The EU classifies the fund world into two categories: UCITS and everything else. And everything else falls under the AIFMD framework. If UK UCITS funds are not granted access to EU investors, they will then be classified as “alternative” by EU rules and governed by the AIFMD framework. This classification could have a huge implication on distribution because alternative funds cannot be sold to retail investors. If formerly UK UCITS funds are denied access to the EU, then the question becomes will EU UCITS be allowed to continue to be sold to UK investors?

As asset managers contemplate how to deal with this potential issue there has been growing chatter that a master-feeder structure may be a potential solution. A master-feeder structure is where a fund (known as the “feeder”) is established to invest solely into another fund (known as the “Master”). Typically in this arrangement the master and feeder funds are domiciled in different countries.  The advantage of this structure is that it gives the asset manager access to a wider investor base, while maintaining the efficiency and economies of scale associated with managing a single pool of assets.

It’s easy to see why this has emerged as potential solution for Brexit. It would be a pretty eloquent solution and, relatively speaking, minimally disruptive. However, the big question is: will it work? Unfortunately, the answer is: not really.

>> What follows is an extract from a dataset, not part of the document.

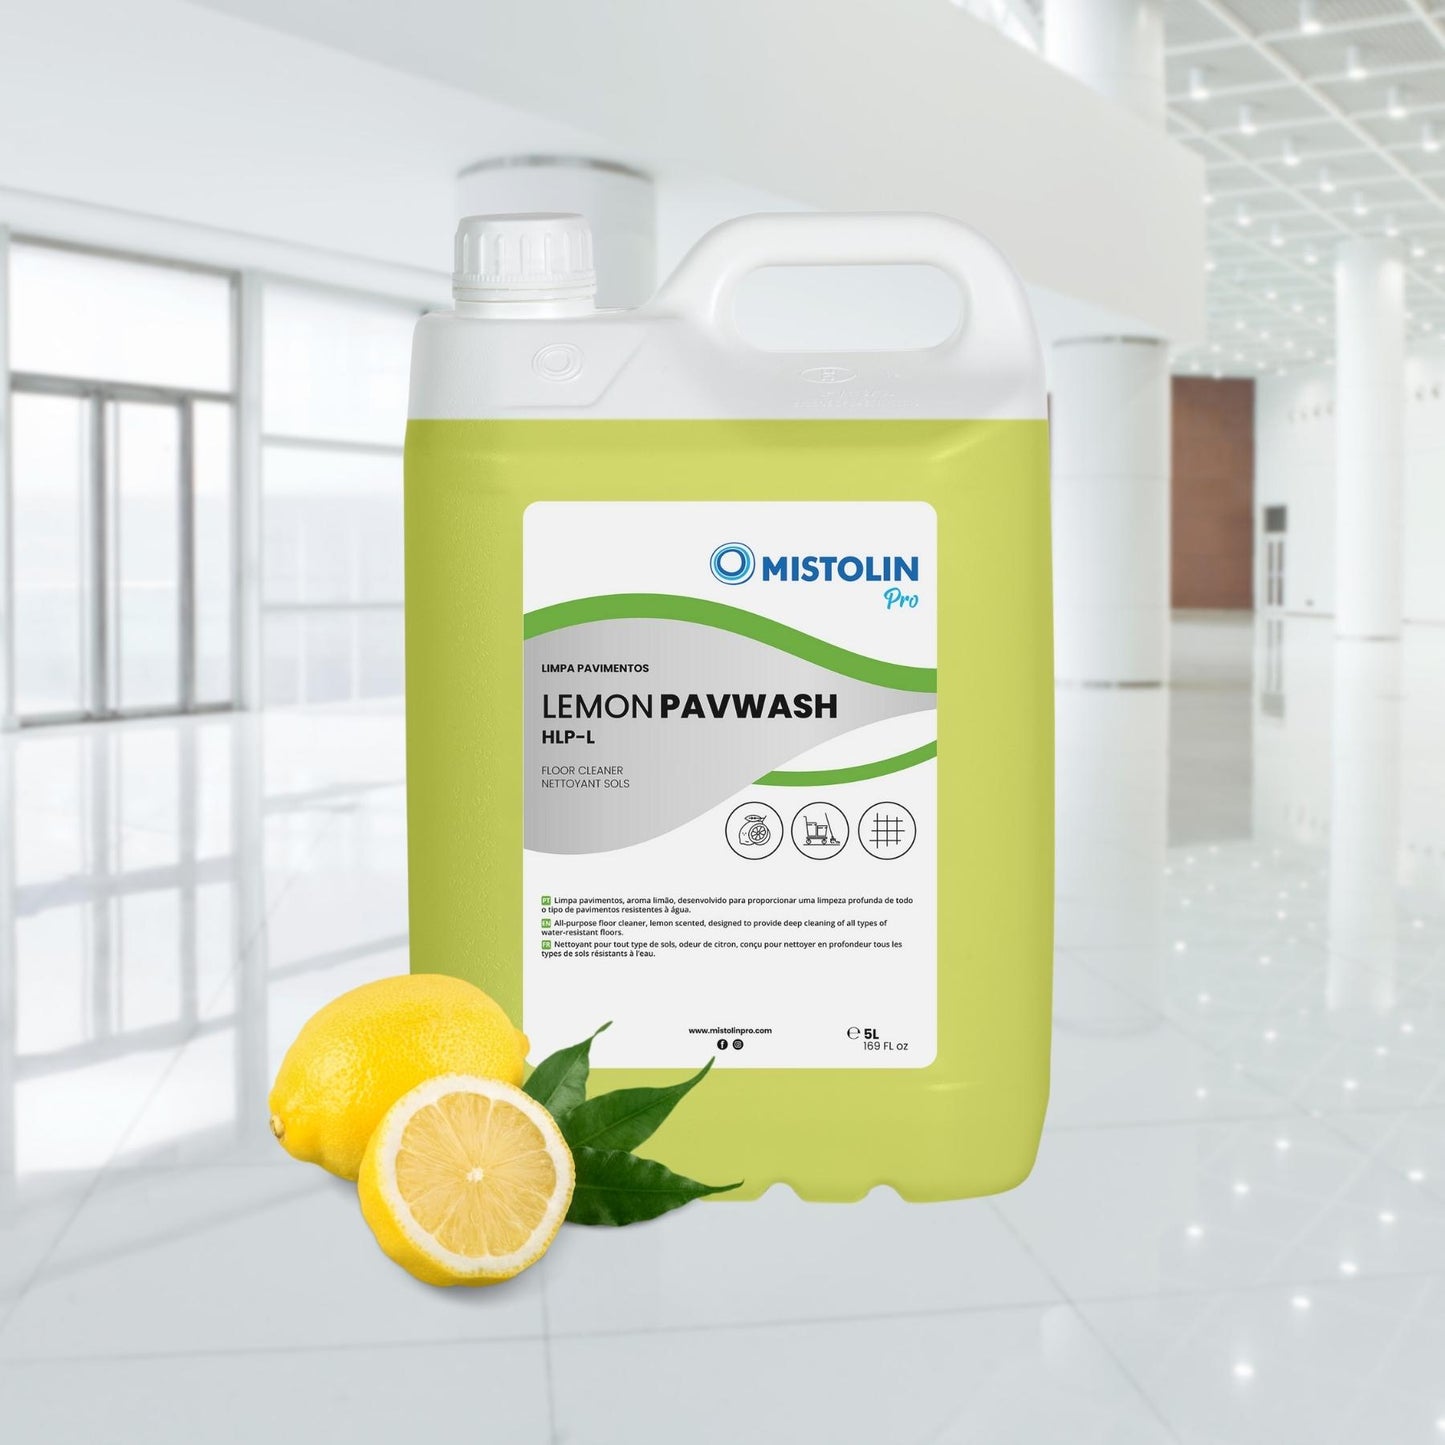 LEMON PAVWASH HLP-L LIMPA PAV LIMAO 5LT, é um detergente limpa pavimentos, aroma a limão, desenvolvido para proporcionar uma limpeza profunda de todo o tipo de pavimentos resistentes à água.

When looking at the potential of a master-feeder solution, it’s important to remember that there are actually two different problems.

EU Investors in UK Funds

For asset managers that sell their UK UCITS funds into the EU, the question is whether EU investors will still be allowed to invest in the UK funds when the Brexit break-up is complete? Additionally, these managers may face pressure from their investors who prefer a UCITS fund. For this cohort, establishing a EU UCITS feeder fund (presumably in Ireland or Luxembourg) isn’t going to cut it. At issue are specific UCITS rules around the operation of a master-feeder structure. In order for a UCITS fund to be a feeder, it must invest at least 85% of its assets into a UCITS master fund; however post-Brexit, all UK funds will become non-UCITS, this option becomes is a no go. This means that a UCITS feeder fund would be governed by the UCITS diversification rules, which limit a UCITS fund to investing no more than 10% into any one non-UCITS fund. On the face of it, it seems the master-feeder structure isn’t workable in this case.

UK Investors in EU Funds

If, post-Brexit, the UK restricts access for EU UCITS, there’s a chance that establishing a UK domiciled feeder fund just might work. From the UCITS framework perspective, there is no regulatory issue with this arrangement. The UK feeder fund would simply be another non-EU investor in the fund. The open question is whether the UK would allow UK domiciled funds to be feeders into non-UK funds? If so, setting up a UK feeder fund may solve the problem for managers with UK investors into their exiting EU UCITS funds.  However, while this may work conceptually, there is still uncertainty. Should the UK decide to mimic the UCITS rules and limit the amount a UK fund can invest into a non-UK fund, then the master feeder solution won’t work.   Asset managers may want to hold off pulling the trigger on this option until further clarity is provided by the UK regulator.

Overall, the trouble with Brexit is there are still more unknowns than knowns. It’s hard to come up with a solution when you’re not exactly sure what the problem is. That said, it seems that pretty clear that the master-feeder idea is unlikely to be the panacea that the industry is looking for.